I probably have just enough of Metronidazole for all the treatment this time, but will need to get more for storage in case I need it. It sounds that you really care about fish and you're so amazingly helpful even offering to help get a prescription. Unfortunately I have before contacted 5 or 6 vets in the town here and even called a special animals vet far away, but no one wants to treat fish at all. I acquired the Metronidazole via my mum from a normal doctor. So the prescription was made for my mum, but the doctor knows my mum and knew it was for fish. I now know this doctor better myself so I'm planning to ask her myself for a second prescription. Thank you so much for offering to help with that!

It's now the 5th day of medicating and Lorna's pretty much back to normal now so I'm pretty sure that 10 days will be enough. I started the medication today on all other fish as well. The only question I have there is that we have two dwarf otocincluses (girl and boy) and I'm not sure how to get the medicine for them as well. I put a slice of cucumber or zucchini every day for them to crunch on.
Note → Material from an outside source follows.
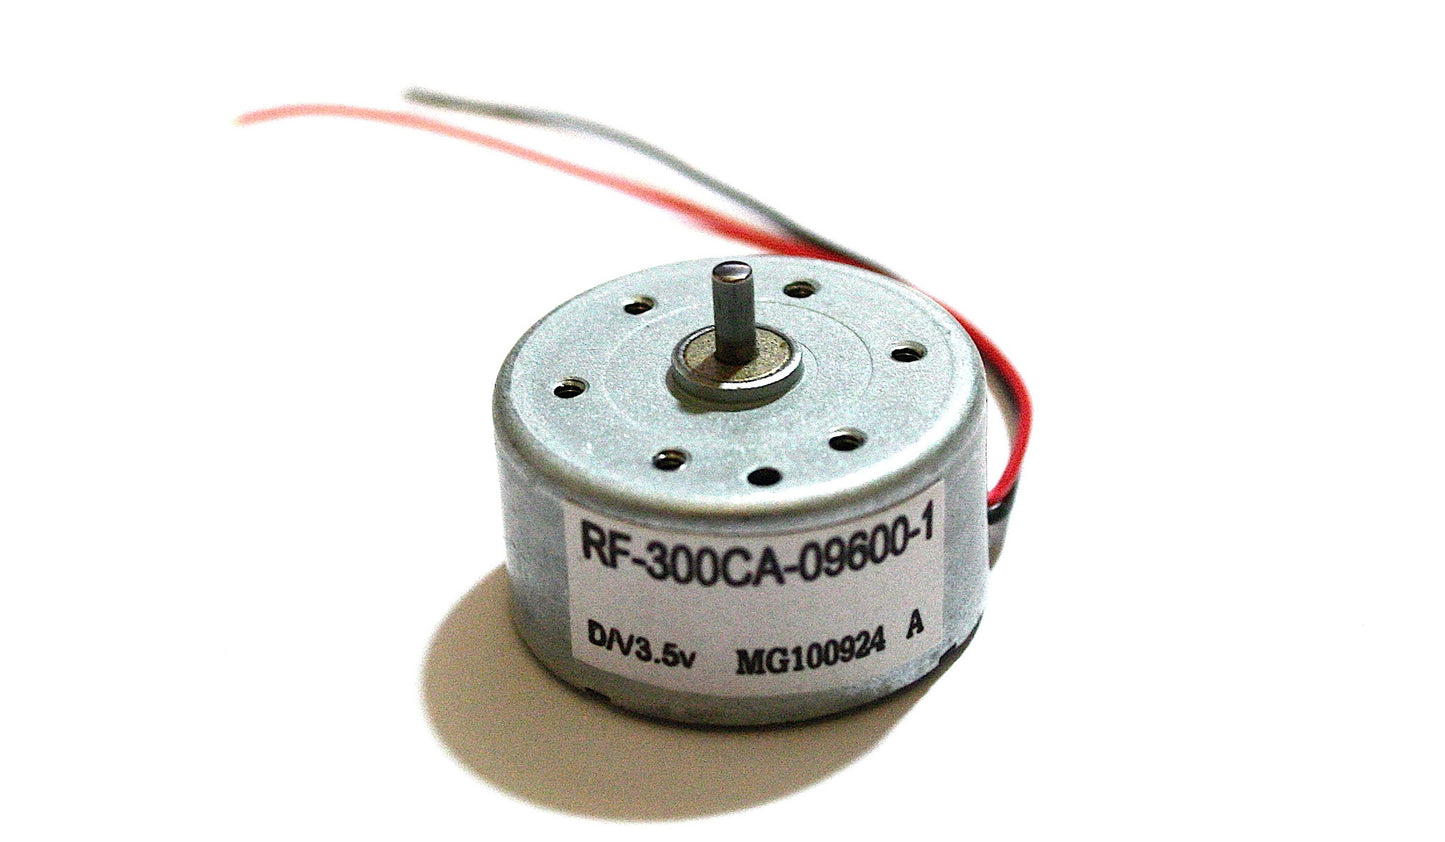 RF-300CA-09600-1 MOTOR 3.5V

They don't eat pellets and other stuff often, except algae. Should I put medicine in a bowl with water and put the slice of vegetable there for a while? They only come to eat some of the time. They used to come to eat pellets as well, but I think they've come to the conclusion that there's always food available in the tank so they don't worry about it anymore.

I have also uploaded a new video on youtube showing how well Lorna is doing.

Thank you again for being incredible!
Satu & Lorna


----------



## satu55555 (Apr 6, 2011)

Here's the video to show Lorna's cool swim moves. 




Satu


----------



## bettababy (Oct 12, 2006)

Satu, thank you for posting this last video. I believe you are right, the 10 days looks like it should be enough, she really looks good. 

I am not overly worried about the meds getting into the ottos. IF they show symptoms at some point then I would suggest moving them to quarantine by themselves and treating the water. Ottos are not as easy to feed meds to, but I would advise against trying to medicate vegetables for them on a dish in the tank. Going that route you are likely only going to waste precious meds that won't get into them anyways. Once in the water the medication will break down too quickly to wait for them to come around to eat. My primary concern was for the other danios, fish of the same species, which is where this is going to be most highly communicable and where it could be passed back and forth between Lorna and the other danios. 
If you should notice something changes with the ottos let me know and we will discuss it as a separate issue and work forward that way, but I am not expecting that.

You are right, I do truly care about the fish/animals. The fish are my life, this is what I do for a living. I started this career about 20+ yrs ago and can't imagine my life without it. Its not always the easiest or most pleasant job in the world, but it has its moments like this, where I get to see first hand the difference I can make where an innocent animal would otherwise have died... and that's all the reward I need to keep me going. I would imagine a people dr goes through the same kinds of ups and downs I do on a regular basis. Ask any dr how they do it and they will give you a similar answer... even though we can't save them all, its the ones we can save that in turn save us. Personally, I just can't imagine doing anything else with my life, nothing would compare.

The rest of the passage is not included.